Challing Spherical Capacitor Problem

[gneill]

The field outside the shell is the same as that for a point charge with a value equal to the sum of all the charges present - that of the inner sphere and the total for the shell. Add the inner sphere charge to the total charge on the shell. Call that Q. Stick the value into the field strength equation as before.

 

[mopar969]

So for r in the conductor E = 0
r1 < r < r2 E = 3.69 x10^4 Nm^2 /C all oiver r^2
r2 < r < r3 E = 5 (r^4 - r sub zero to the fourth) c/m^4 all over 4 epsilon zero r^2
r > r3 E = the previous electric field plus th electric field of r1 < r < r2.

Are all these correct and is this finally the end of the problem?

 

[gneill]

So for r in the conductor E = 0
r1 < r < r2 E = 3.69 x10^4 Nm^2 /C all oiver r^2
r2 < r < r3 E = 5 (r^4 - r sub zero to the fourth) c/m^4 all over 4 epsilon zero r^2
r > r3 E = the previous electric field plus th electric field of r1 < r < r2.

Are all these correct and is this finally the end of the problem?

The first and second are fine.

The third, for r2 < r < r3, should have r2 in place of "r sub zero", since that's where the shell begins. r₀ was a value I had used to indicate the beginning of the shell later in the discussion when I presented the integral. It is equivalent to r2, and r2 makes more sense in this context since it's used to delineate the regions.

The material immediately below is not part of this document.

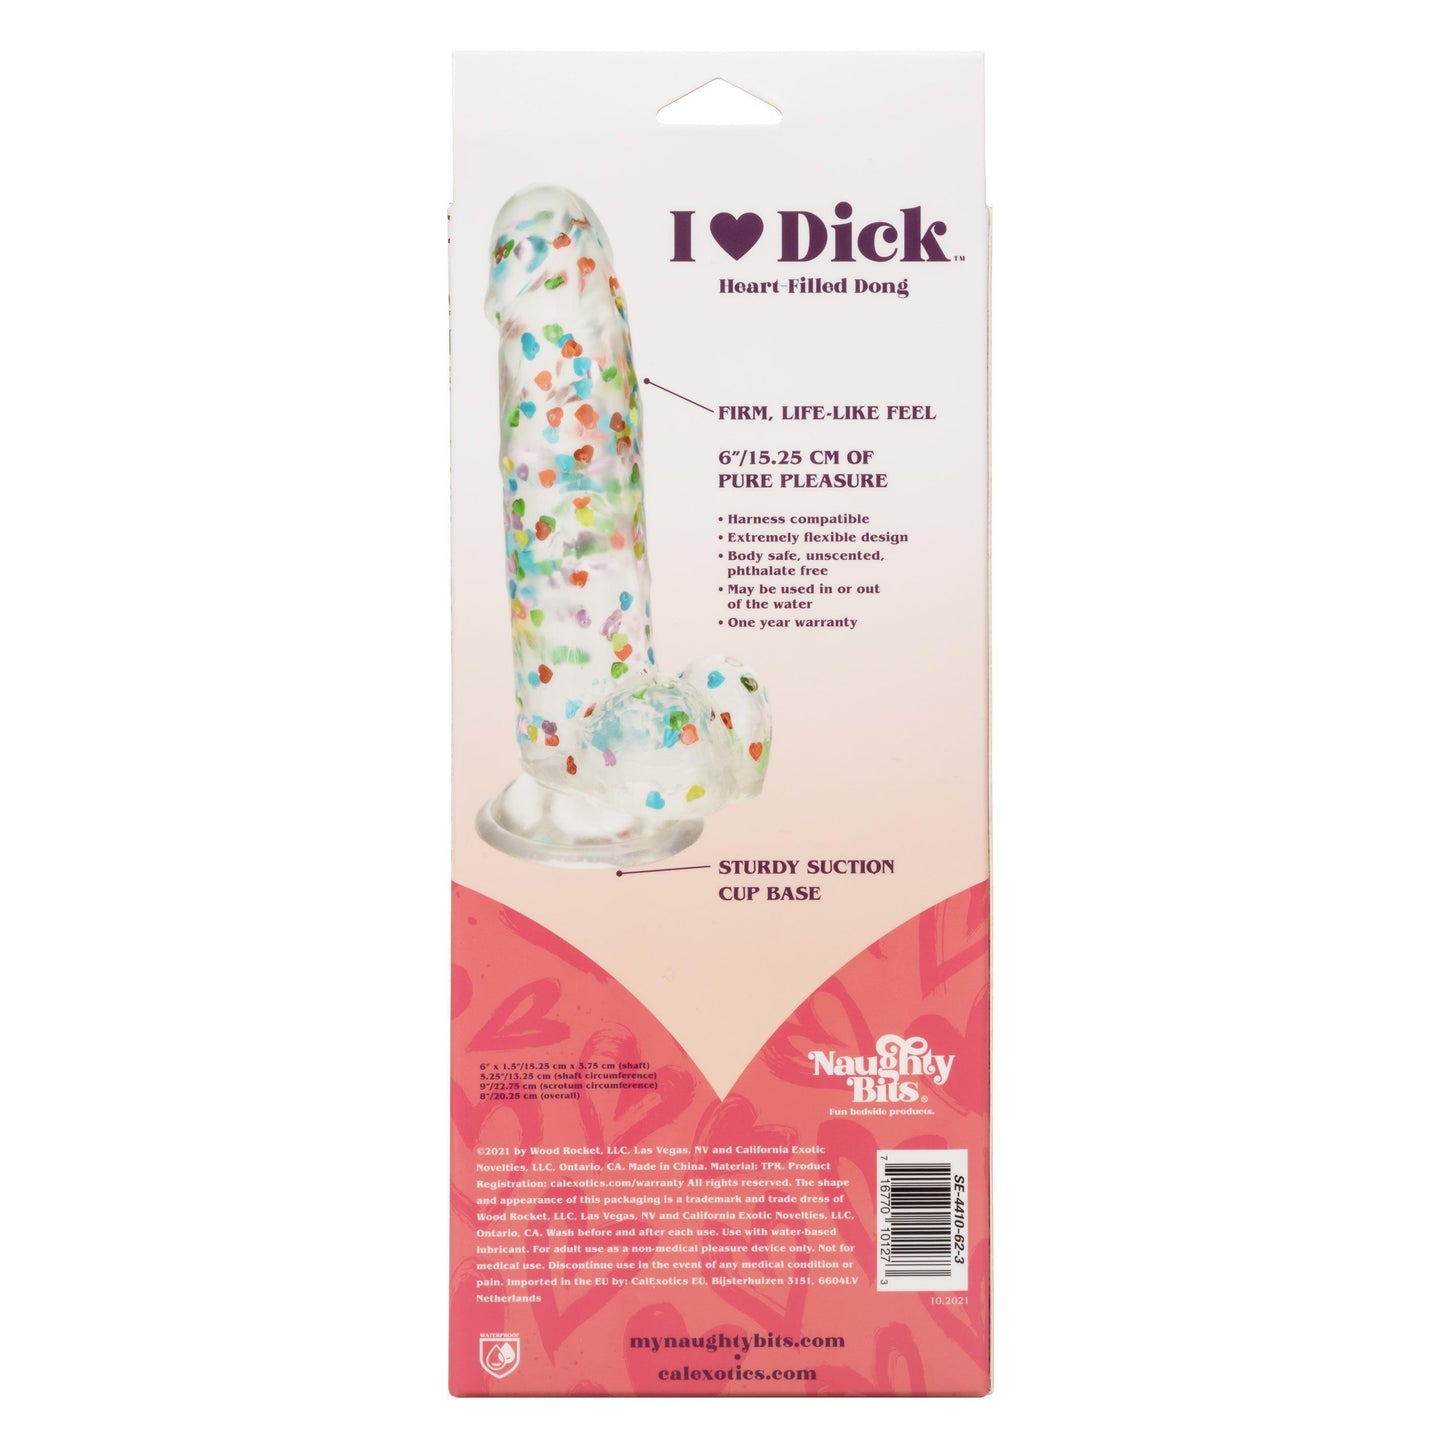 Naughty Bits I Love Dick Heart-Filled Dong - My Sex Toy Hub

For the fourth region (outside the whole ensemble), find the total charge, Q, for the whole ensemble! Then put that NUMBER into the expression for the field of a point charge, E = Q/(4 π ε₀ r²)

 

[mopar969]

So for the third region it is 5 (r^4 - r sub 2 to the fourth) c/m^4 all over 4 epsilon zero r^2

the fourth region is (3.69 x 10^4 Nm^2 /c all over r^2 + 5 pi (r^4 - r sub 2 to the fourth) c/m^4) all over 4 pi epsilon zero r^2

Does this reduce any further?

 

[gneill]

So for the third region it is 5 (r^4 - r sub 2 to the fourth) c/m^4 all over 4 epsilon zero r^2

the fourth region is (3.69 x 10^4 Nm^2 /c all over r^2 + 5 pi (r^4 - r sub 2 to the fourth) c/m^4) all over 4 pi epsilon zero r^2

Does this reduce any further?

*sigh* For the fourth region you haven't calculated the total charge! After the shell, the total charge no longer depends upon the radius; it is at its maximum, fixed, and final value.
This is where you can put the fixed radial limits of the shell into the integration and calculate the total charge of the shell, reducing it to a single number. Add it to the charge on the inner sphere and then plug that number into the expression for the field of a point charge to yield the expression for the field outside the shell.

 

[mopar969]

So for my r I should use 0.002 m and for r2 I should use 0.0012m and get a Q of 2.19 x10^ -10 couloumb add that to 7.4 x 10^-6 couloumbs and get 7.4 x10^-6 couloumbs. I then plug this into the electric field equation and got 6.65x10^4 nm^2/c all over r^2.

Is this correct? Also this is for r > r3 right? Also if I am correct are we finally done with this disaster of a problem?

 

[gneill]

Yes, yes, and I hope so

 

[mopar969]

One more thing what does the electric field in post 65 represent and for what region?

 

[gneill]

One more thing what does the electric field in post 65 represent and for what region?

That's the field inside the non-conducting shell.

 

[mopar969]

I thought that the electric field for that part was just 5 (r^4 - r sub two to the fourth) c/m^4 all over 4 epsilon zero r^2.

Since it is not what is this then?

 

[gneill]

The field in the shell is the sum of field sue to the inner sphere, and the field due to the portion of the shell interior to the radius. That is the two parts of that expression in post #65. What you've just quoted is only the part of the field contributed by the shell.

 

[mopar969]

Thanks so so much for the help gneill you are a life saver. By the way I am done now right? If you have time could you give a recap. Thanks

 

[gneill]

Thanks so so much for the help gneill you are a life saver. By the way I am done now right? If you have time could you give a recap. Thanks

You're welcome.

Yes, I believe you're done. Good luck.